[Opening GIVEN RECORDS section]

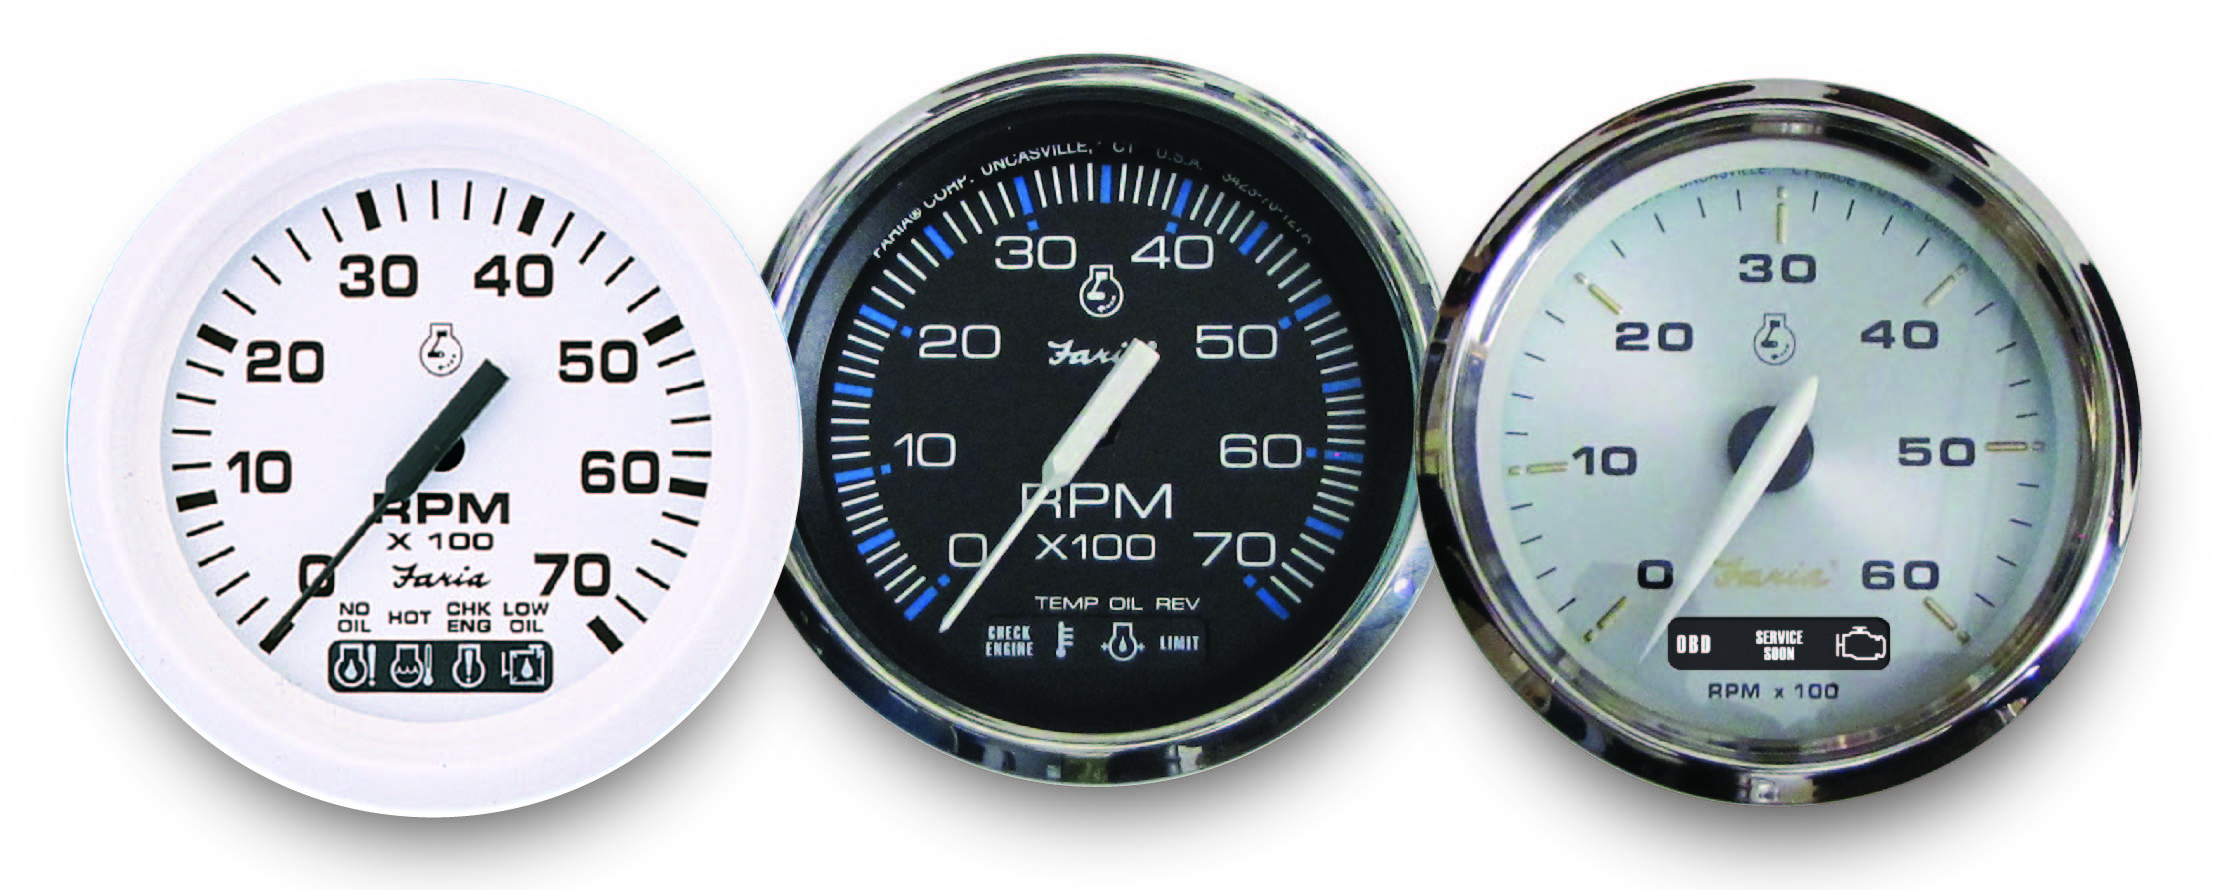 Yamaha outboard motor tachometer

[Closing GIVEN RECORDS section]
[Opening GIVEN RECORDS section]

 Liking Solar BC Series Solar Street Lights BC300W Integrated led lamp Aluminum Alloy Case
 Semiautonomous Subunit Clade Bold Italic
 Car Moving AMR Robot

[Closing GIVEN RECORDS section]

Starting with the line that holds "Liking Solar BC" and ending with the line that holds "Car Moving AMR Robot", retype every line in the data above exactly, and nothing else.

 Liking Solar BC Series Solar Street Lights BC300W Integrated led lamp Aluminum Alloy Case
 Semiautonomous Subunit Clade Bold Italic
 Car Moving AMR Robot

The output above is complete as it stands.